Dámelo con su punta electrizante, demasiado afilada,
que corte hasta las alas de los ángeles
y esas gotas de lluvia que se quedan colgadas
en las hojas de las rosas de mármol.

Dame un cuchillo con vocación, flemático,
que sobreviva el paso de los años
el tránsito invariable de los vientos.

Y se hunda, cada vez más se hunda
con desesperación cuando vaya cortando
el nudo como un triángulo de soga
que se desliza sucia, que corre
y se desliza amenazante.

El texto Migraciones es parte de su libro Más horribles que yo.

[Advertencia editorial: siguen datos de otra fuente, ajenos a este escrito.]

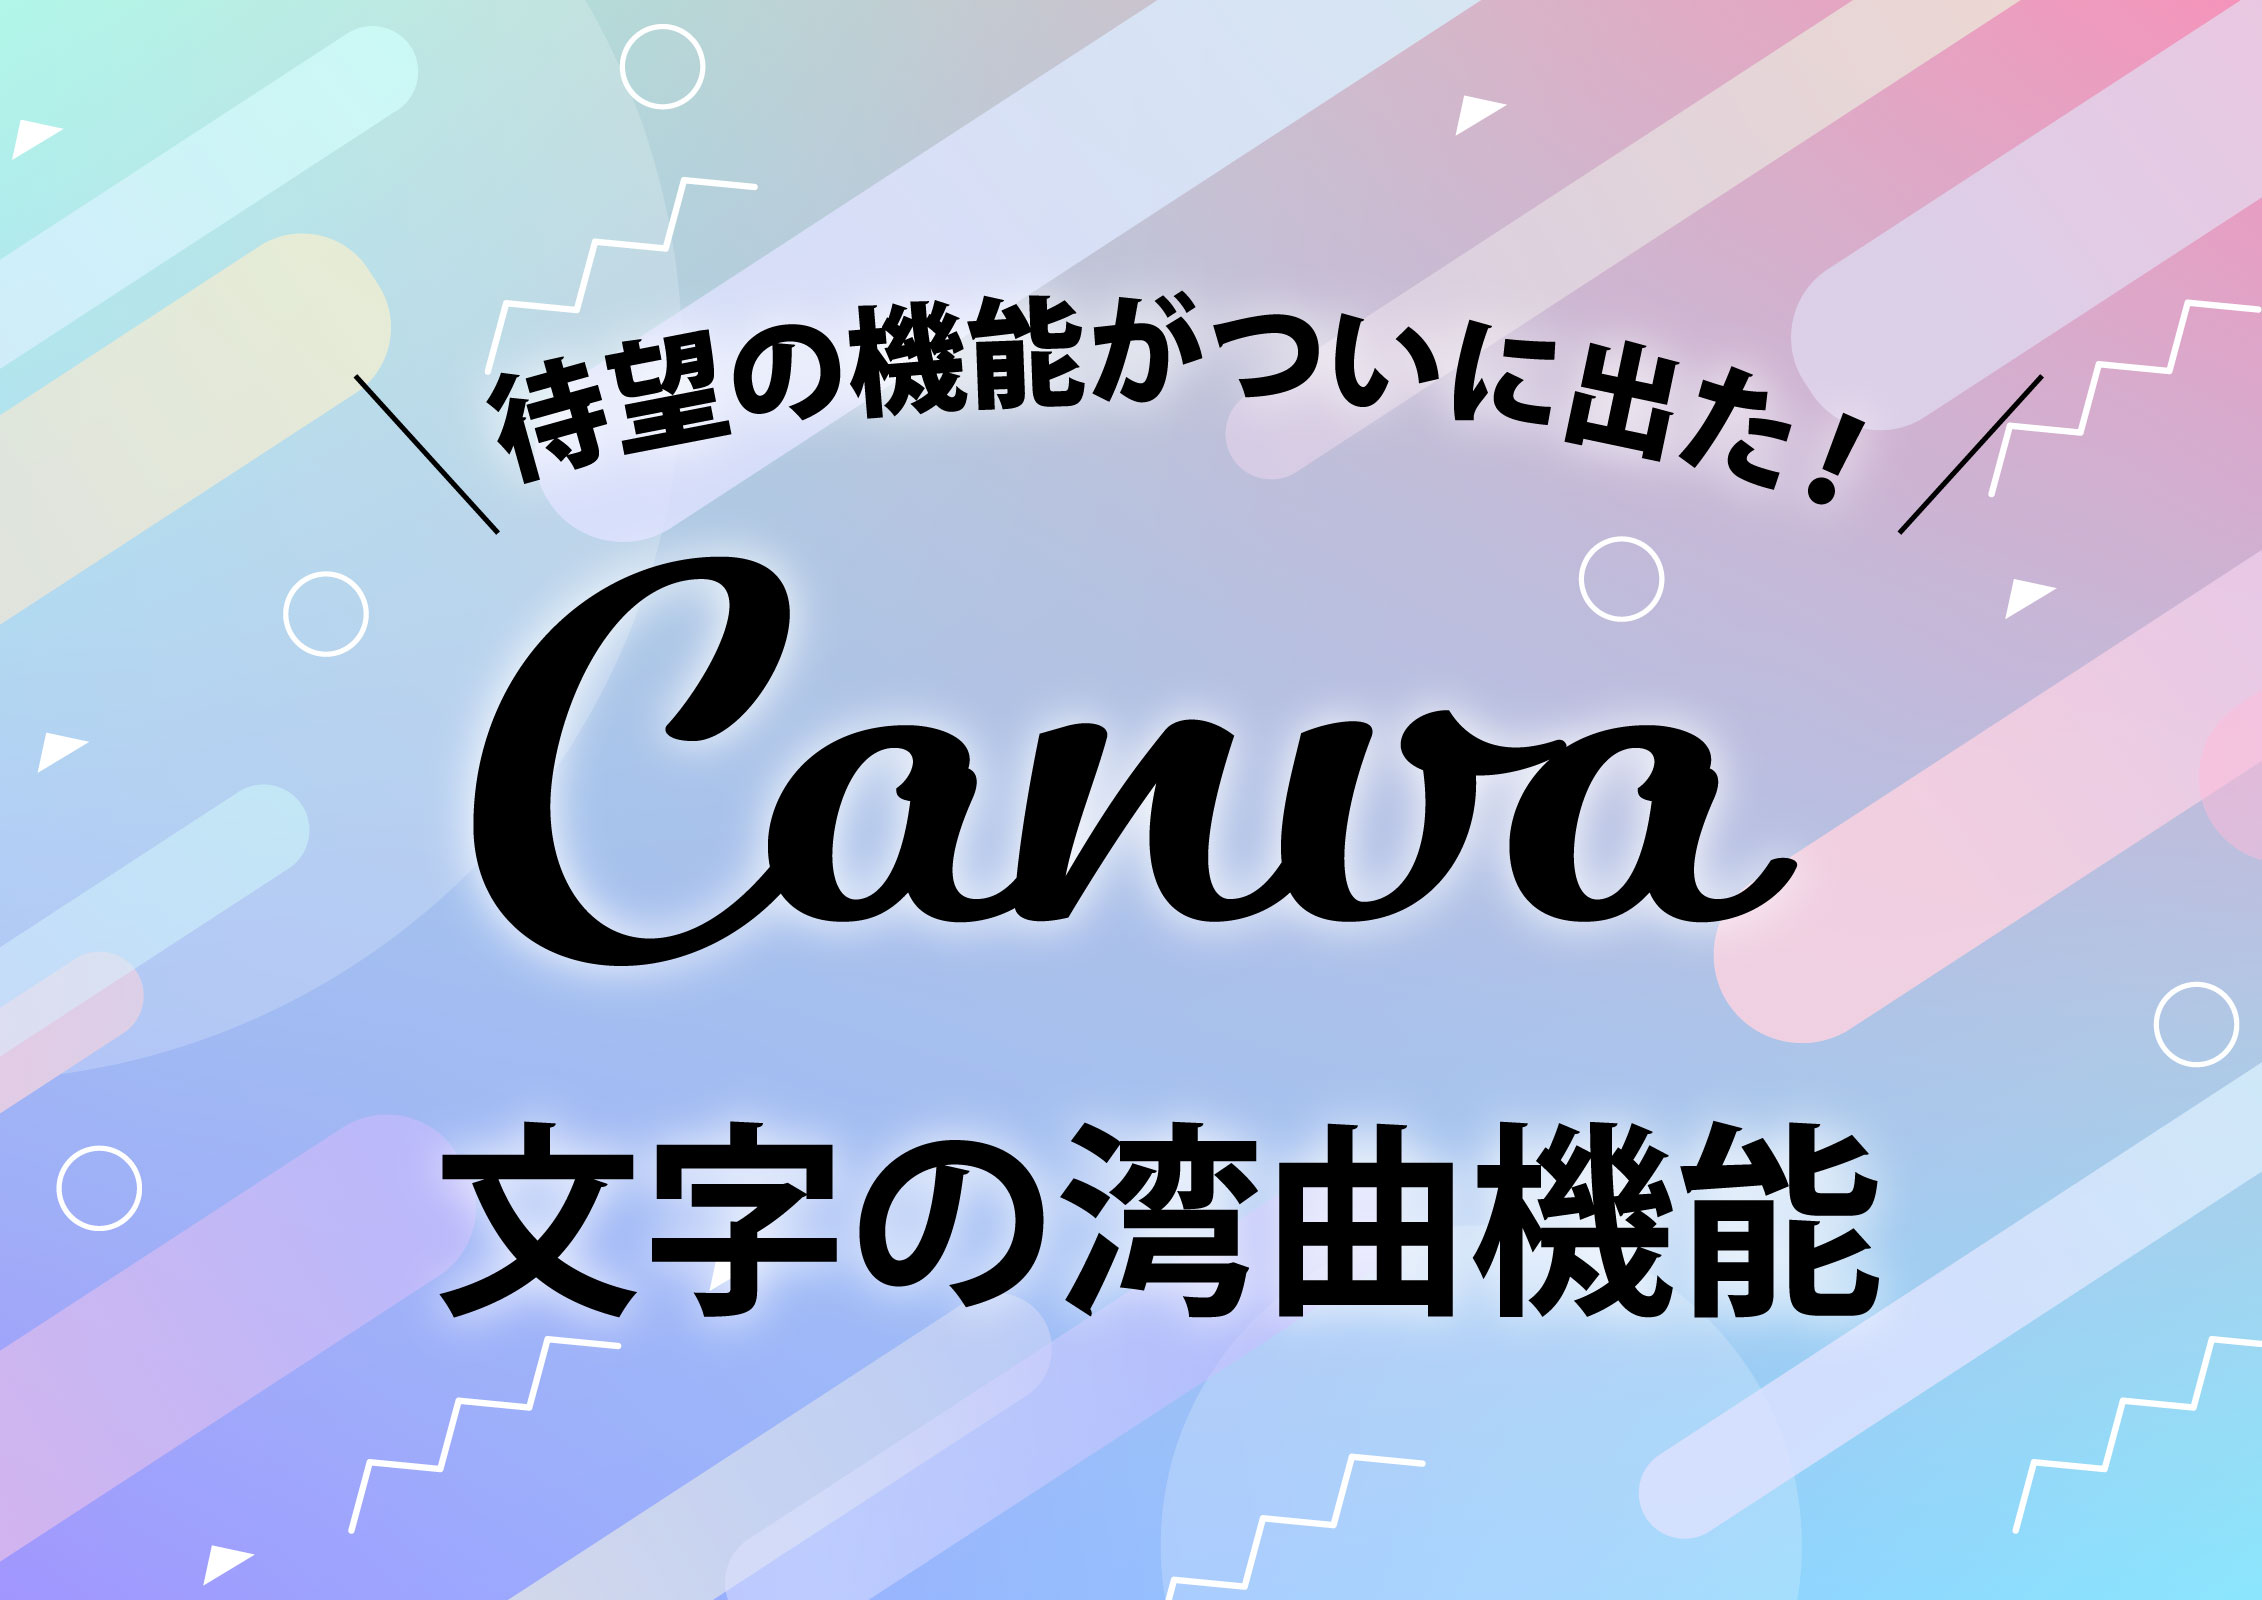 Canvaがテキスト 文字 の変形機能リリース 女性のためのネットスキルアップ塾 Yobicom

Luis Lorente (Cárdenas, Matanzas, 1948) ha publicado Las puertas y los pasos, Premio David de Poesía, UNEAC, 1975; Café nocturno, 1984; la plaquette Ella canta en La Habana, 1985; Como la noche incierta, 1991 (junto al poeta Aramís Quintero); Aquí fue siempre ayer, 1997; Esta tarde llegando la noche –Premio Casa de las Américas, 2004 y Premio de la Crítica de ese mismo año–; Más horribles que yo, 2006 –Premio de la Crítica 2007–; la antología poética Fábula lluvia, 2008; El cielo de tu boca, 2011; Two Brother’s Bar (junto al pintor Arturo Montoto), 2018, y tiene en proceso de publicación el poemario Excepcional belleza del verano. Parte de su obra ha sido incluida en antologías editadas en Cuba y en el exterior.